Modeling of solid phase sedimentation during directional solidification in a side cooled cavity

The purpose of this paper is to present a new numerical approach for modeling the multi‐phase flow during an alloy solidification process. In many solidification processes, advection of solid may have a dramatic effect on bulk convection field as well as on the solid front growth and hence on the macro‐segregation pattern. In the present work, a numerical model is developed to simulate directional solidification in presence of melt convection as well as solid advection in the form of sedimentation. A 2D cavity filled with hyper‐eutectic aqueous ammonium chloride solution (25 wt.% of ammonium chloride) being chilled from one of the side walls has been chosen as the model problem for the numerical simulation.

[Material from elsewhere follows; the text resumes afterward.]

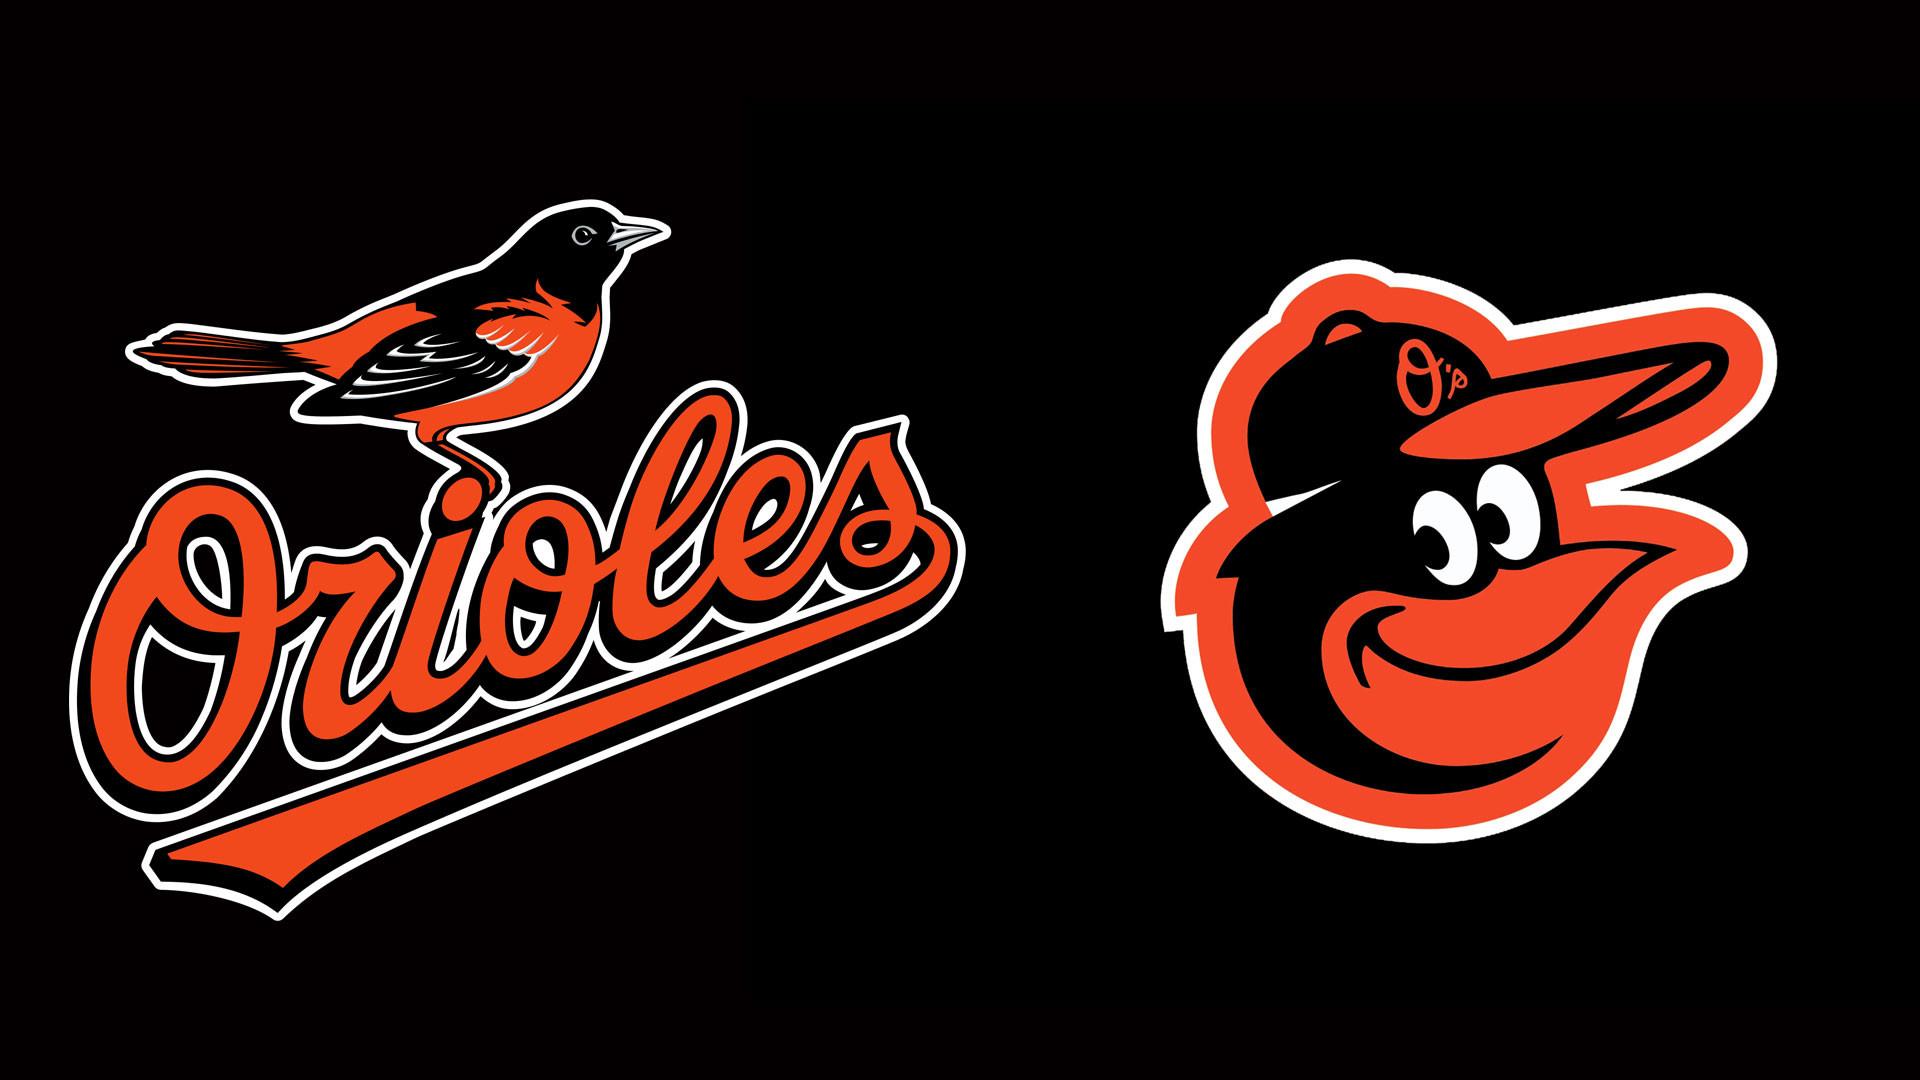 11 HD Baltimore Orioles Desktop Wallpapers For Free Download

A fixed grid volume averaging technique has been used for solving mass, momentum, energy, and species equation while taking into account the solid phase advection and local re‐melting. Two different criteria have been identified for the solid particles in the mushy zone to be mobile. These two criteria are represented by a critical solid fraction, and a critical velocity. Based on these two criteria, the mushy zone has been subdivided into two different regions namely, an immobile coherent zone consisting of packed equiaxed crystals and a mobile non‐coherent zone where the solid crystals are able to move.

The numerical results are compared with corresponding experimental observations.

The solid advection velocity and source terms dealing with solid velocity have been calculated using an explicit scheme, whereas the main conservation equations are solved using an implicit scheme.